Sessions slams Obama administration’s admittance of potentially ‘radicalized’ refugees

YH Jeff Sessions
WASHINGTON — Alabama Senator Jeff Sessions (R) slammed the Obama administration’s policies for admitting refugees from the Middle East Thursday.

In a hearing before the Senate Subcommittee on Immigration and the National Interest, which Sessions chairs, an official from the U.S. Citizenship and Immigration Service revealed that more than 90 percent of refugees who have requested asylum in the United States have received approval.
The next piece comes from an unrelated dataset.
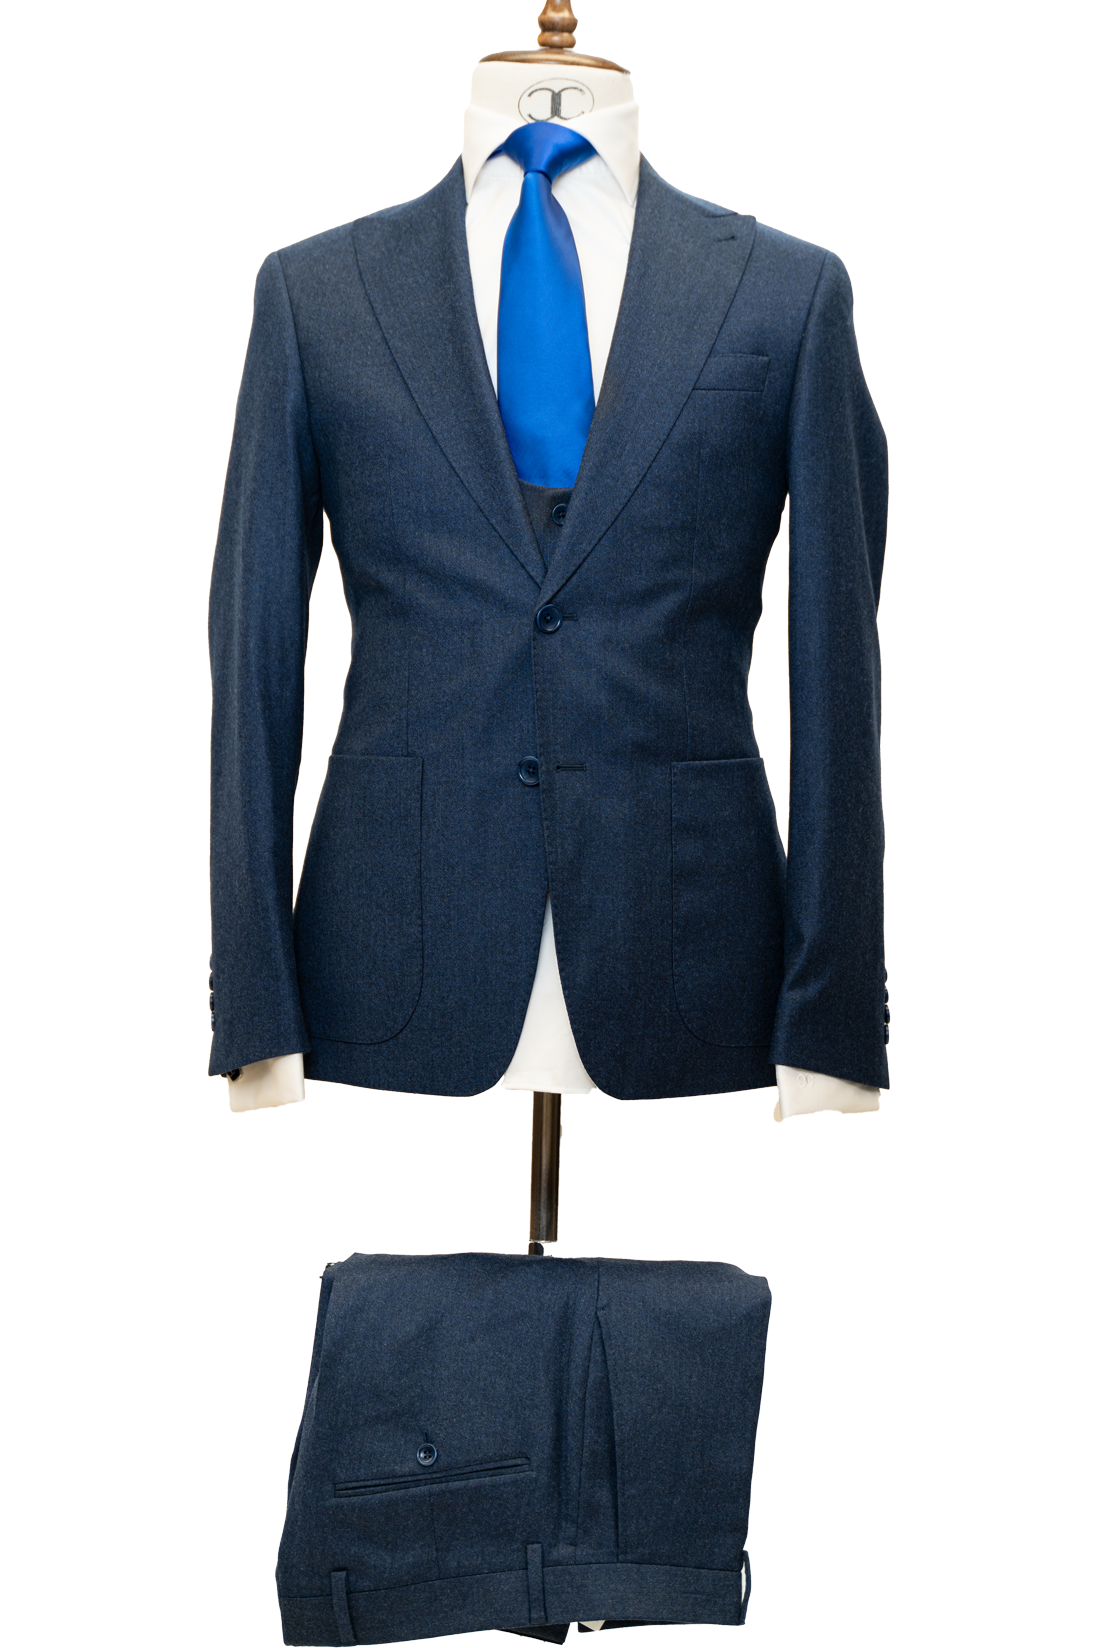 Zignone - Dark Blue Cashmere 3-Piece Fit Slim Fit Suit with Patch Pockets

Sessions called the subcommittee hearing after the Obama administration announced it would admit approximately 85,000 refugees from Syria and other war-torn countries in the Middle East over the next two fiscal years.

During his opening statement, Sessions blasted what he views as the administration’s prioritization of the refugees over American citizens.

“The economic and physical security of the American people must never be a secondary consideration,” the Senator impressed. “With workers’ pay stagnant, our entitlement programs on the verge of insolvency, our law enforcement struggling to combat radicalization and increasing crime, and our schools and communities struggling to keep up, voters are rightly wondering about their government’s priorities.”


Related: Byrne has ‘tremendous security concerns’ with letting Syrian refugees into America


Mobile, Alabama, Senator Sessions’s hometown, will house approximately 130 of those refugees through a non-governmental organization’s partnership with the State Department.

“Once here with refugee status, these individuals can claim any job and collect any federal welfare benefit,” Sessions explained. “Recent statistics from the Department of Health and Human Services’ Office of Refugee Resettlement indicate that 75 percent of refugees receive food stamps and more than half receive free healthcare and cash welfare. For refugees from the Middle East, the numbers are even higher: more than 90% of recent Mideast refugees draw food stamps and about 70% receive free healthcare and cash welfare.”

Sessions and many of his colleagues have also expressed concerns over terrorists’ use of the refugee system to infiltrate the United States and its allies.

“Refugee resettlement also comes with security risks, as we have witnessed with the surge of ISIS recruitment among Somali-refugee communities in Minnesota,” said Sessions. “Anyone claiming to have a serious and honest discussion of refugee resettlement must ask the difficult questions about integration, assimilation and community safety.

“This is certainly true with respect to countries like Syria, where we have little to no information about who these people are, and no ability to determine whether they are radicalized now, or likely to radicalize after their arrival in the U.S. Indeed, the FBI Assistant Director for Counterterrorism has testified that the United States does not have ‘systems in places on the ground’ in Syria to collect enough information to properly screen refugees. Our Subcommittee is currently investigating the scores of examples of refugees and asylees who go on to commit acts of terror or become involved with terrorist organizations.”